Jennifer Lopez recorded an album to film a music-video-movie-thing (more on this later) to make a documentary. The most generous read of “This Is Me…Now,” her sequel to 2002’s “This Is Me…Then,” is that she felt like talking in The Greatest Love Story Never Told, a documentary now streaming on Amazon Prime. The doc is 90 minutes of J.Lo speaking candidly and emotionally about the gargantuan effort it takes to, at every single moment, choose to be J.Lo. Lopez is not exceptional at singing or dancing or acting, but she is very exceptional at being Jennifer Lopez, and that is a separate, unique talent.
This is her third such documentary in ten years. They all kind of have the same thesis: J.Lo is always the underdog or the striver, permanently the also-ran. HBO cameras followed her around for Dance Again, released in 2014, as she embarked on a world tour, made a comeback judging on American Idol, and navigated her divorce from Marc Anthony. In Halftime, released in 2022, Netflix cameras trailed her as she prepared to co-headline the Super Bowl Halftime Show with Shakira and when she tried, and failed, to secure awards attention for Hustlers. (And also maybe I was in it.) In The Greatest Love Story Never Told, Lopez lets the cameras into her home, her rehearsals, and her relationship with Ben Affleck. (A-Rod was conspicuously not in Halftime, released after they broke up, but he’s never seen a camera he won’t put on a show for. Affleck guides The Greatest Love Story Never Told as a gently reassuring, but also gently grounding, talk-to.) This doc retreats much of the same territory as the last two. It reveals J.Lo’s trauma — a healthy (low-alcoholic) cocktail of talent insecurity, middle child syndrome, and the American marriage industrial complex — so similarly that you might start to track each project’s consistencies. The Greatest Love Story Never Told doesn’t really tread any new emotional ground, except the glee-inducing revelation that she calls Ben Affleck “Papi,” and she luhs him. (By the end you will, too.)

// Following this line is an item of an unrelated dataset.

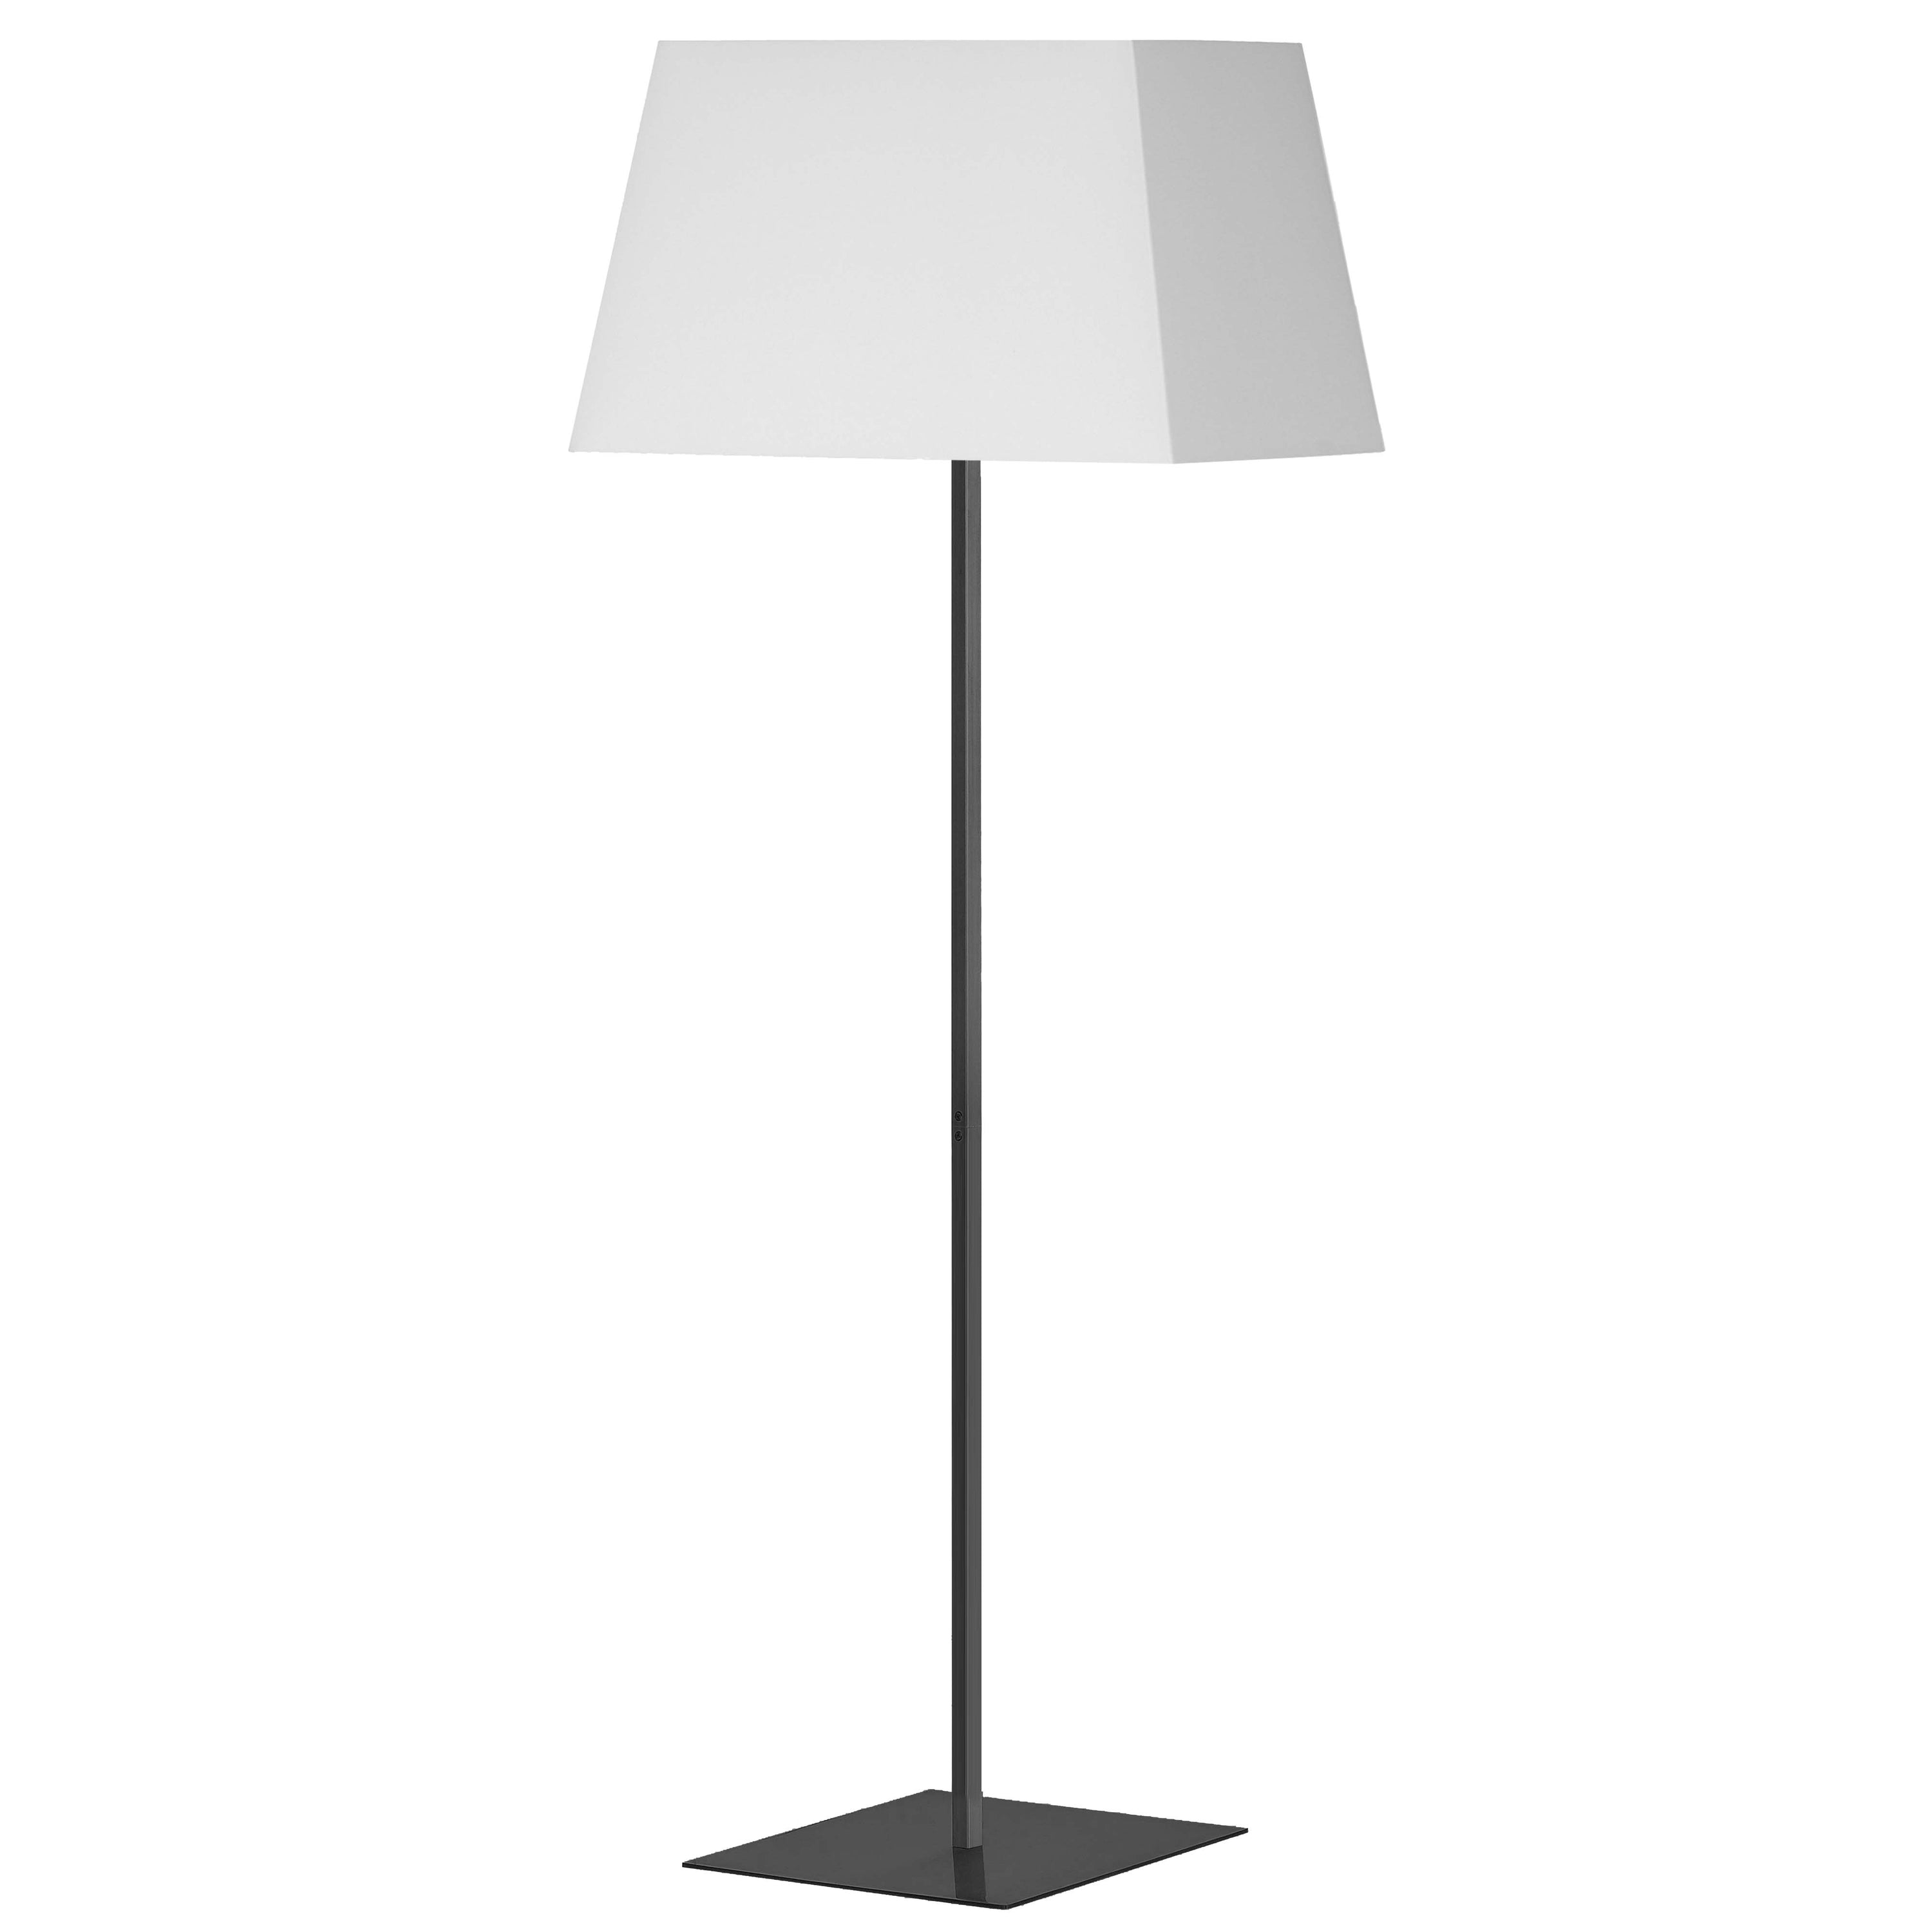 Dainolite GTC-S631F-MB-WH 1 Light Incandescent Square Base Floor Lamp Matte Black with White Shade
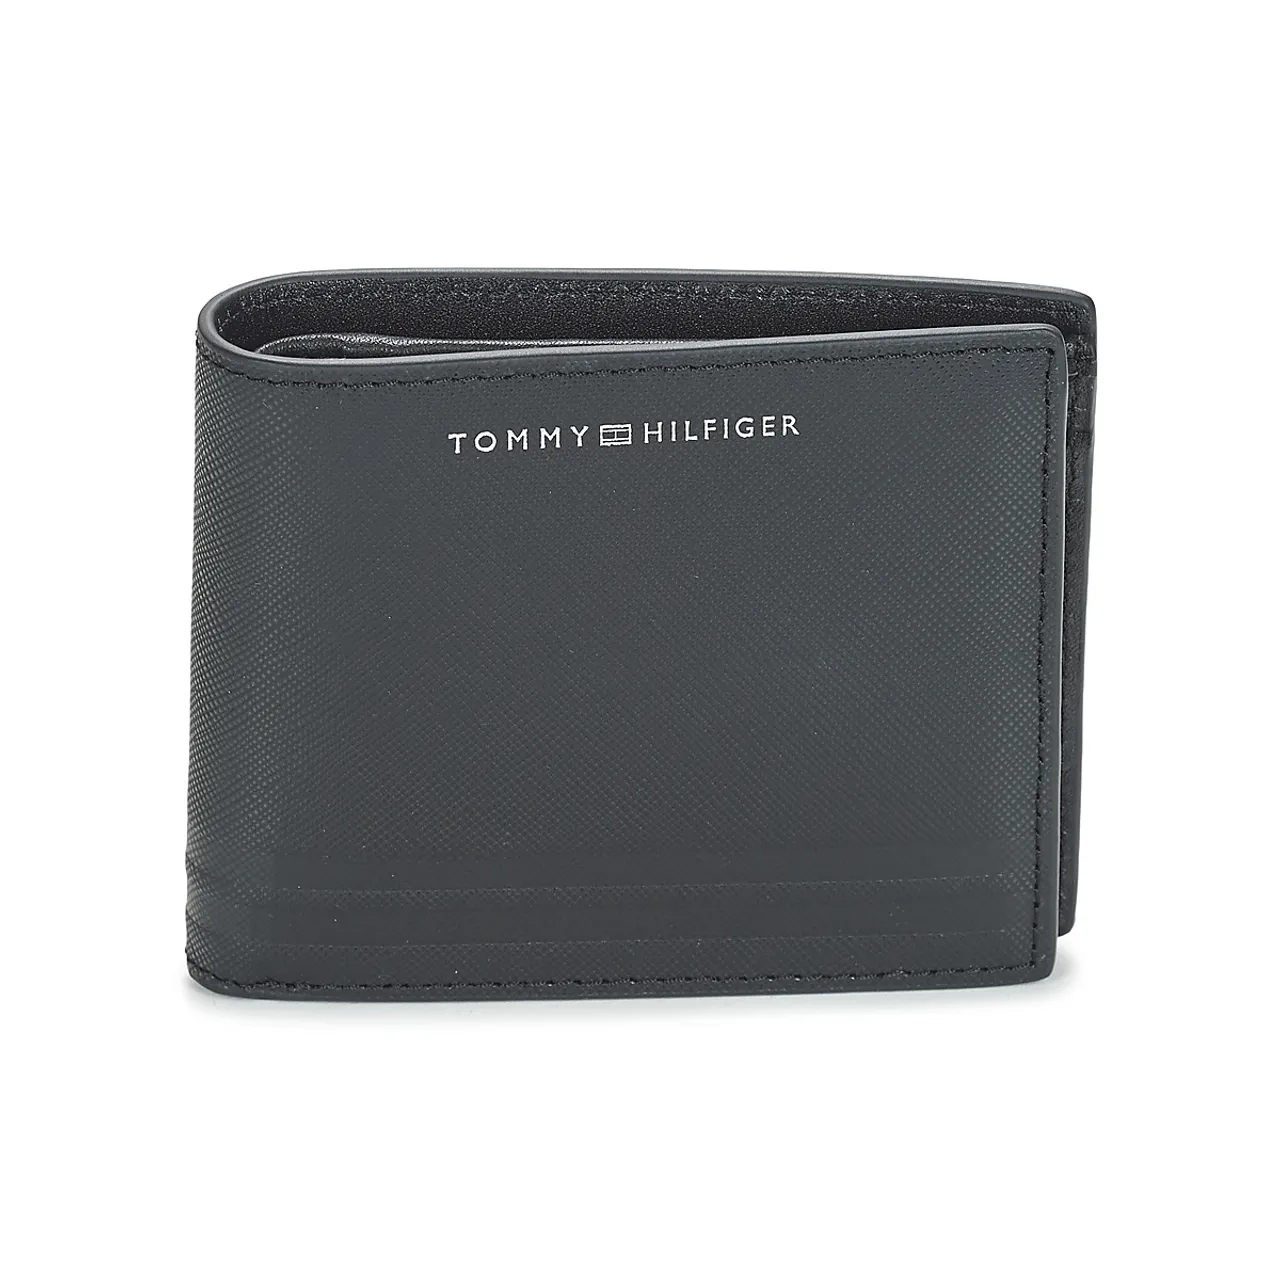 Tommy Hilfiger  TH BUSINESS LEATHER CC AND COIN  men's Purse wallet in Black

“This Time Around” and the title track are the clear standouts on an largely unremarkable 13-song album. Where do I even begin with the music video-mini feature film? If I told you what happens in This Is Me … Now I’m not sure you’d believe me. Jennifer Lopez puts in hours at the heart factory, which powers her heart through rose petals being loaded into a furnace, of course. Ben Affleck is a kind of Sean Hannity-ATN News-y pundit narrating various current events, obviousy. Keke Palmer does an impression of Maya Angelou, naturally. J.Lo returns to the Bronx to meet — and heal — her younger self-slash-inner child, duh. The songs are sequenced into a narrative of a love-addict suffering withdrawls before she decides to be happy on her own, and gets rewarded with the bottom third of Ben Affleck’s face as a result.